Students in the Environmental Geology class taught by Germanoski are using the flume to learn about the interaction between groundwater and surface water. The flume is providing his Environmental Geomorphology students with insights into the relationship between flow regimens and bed forms, as well as demonstrating fluid sheer stress (water velocity) and sediment entrainment (erosion).

“I hope to have a student use it to look at the relationship between sheer stress and silt mobility,” says Germanoski, who estimates that the flume can hold 3,500 gallons of water. “We want to use samples from a pilot project involving the Bushkill Creek.”

Nathan Hawk ’02 is using the flume in honors thesis research to evaluate silt erosion and deposition. The work may provide insight into the effects of different land uses on the Bushkill Creek watershed.
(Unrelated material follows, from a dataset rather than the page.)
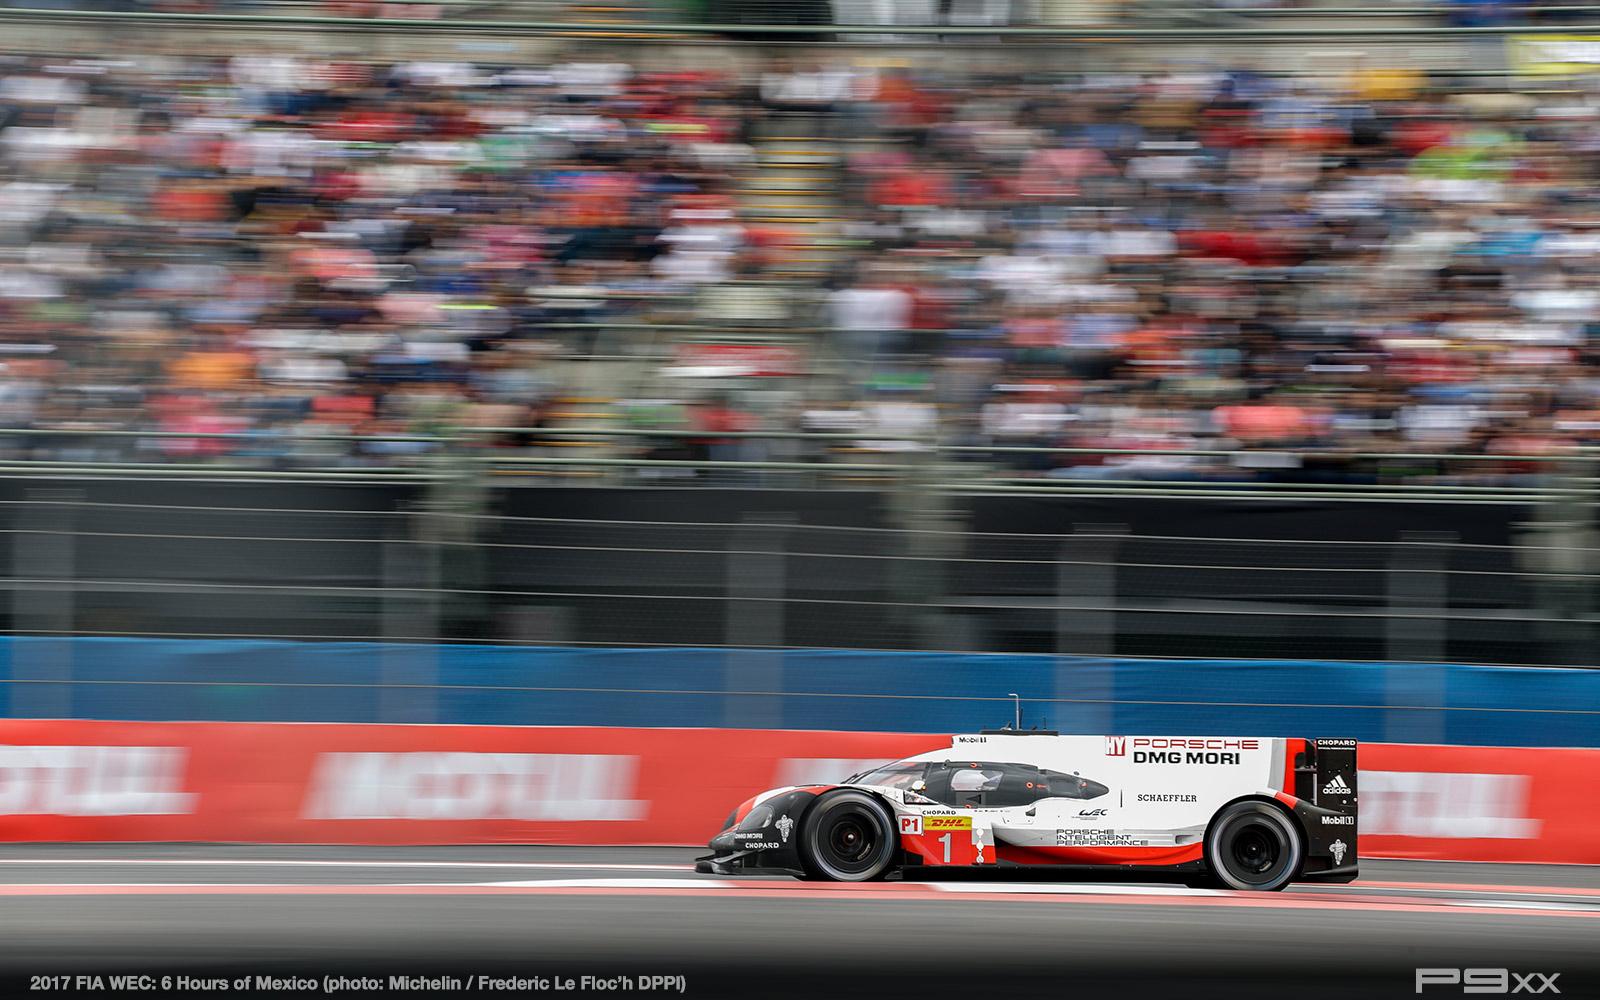 2017-FIA-WEC-6-HOURS-MEXICO-PORSCHE-exico_FLF_02117008_528371269

Measuring 37 feet long, 6.5 feet wide, and 2.5 feet deep, the flume is distinctive in two ways, Germanoski says. “First of all, to the best of our knowledge, no other liberal arts college has a flume of this size. Also, our flume is designed to allow its working width to be reduced by inserting a false wall. This capability is exceedingly rare, even in flumes at large research universities, and because of it the flume will provide an unusually broad range of new research opportunities for students and faculty.”

Use of the flume will be incorporated widely into geology courses, and it will be used in research projects year-round.

“Geology, which is often ‘the overlooked science,’ is extremely important in understanding the impact of society’s behavior on our environment, particularly in areas not easily seen or recognized by the general population. One example of this is contamination in the sediment in our rivers that finds its way into groundwater and drinking water supplies,” Germanoski says.

“Right now, students interested in environmental research must go into the field, and weather conditions and lack of transportation can impose limits on field research. Also, certain situations that arise in nature can be observed only under very specific conditions at certain times of the year. With the flume, students can simulate these situations and do research and data-collection throughout the year,” Germanoski continues.

“It’s this kind of interactive, hands-on experience that brings science to life for students. They will be active participants, not passive learners, in discovery-oriented exercises. The flume will help them learn vital lessons about their natural environment that will stay with them and entice them to become more involved in being the earth’s stewards,” he says.

Germanoski says success in obtaining the grant to install the flume stems from an exemplary collaboration of faculty and administration.

“The grant is the result of a cooperative effort among the Lafayette administration, all members of the geology department, and Diane Elliott of the office of development and college relations. The proposal would never have made it out the door without Diane’s commitment to the project. She shared the writing responsibility and was absolutely instrumental in the proposal’s success.”

Headquartered in Los Angeles, Calif., the W. M. Keck Foundation is one of the nation’s largest philanthropic organizations. Established in 1954 by the late William Myron Keck, founder of The Superior Oil Company, the foundation’s grantmaking is focused primarily on the areas of medical research, science, and engineering. The Foundation also maintains a program for liberal arts colleges.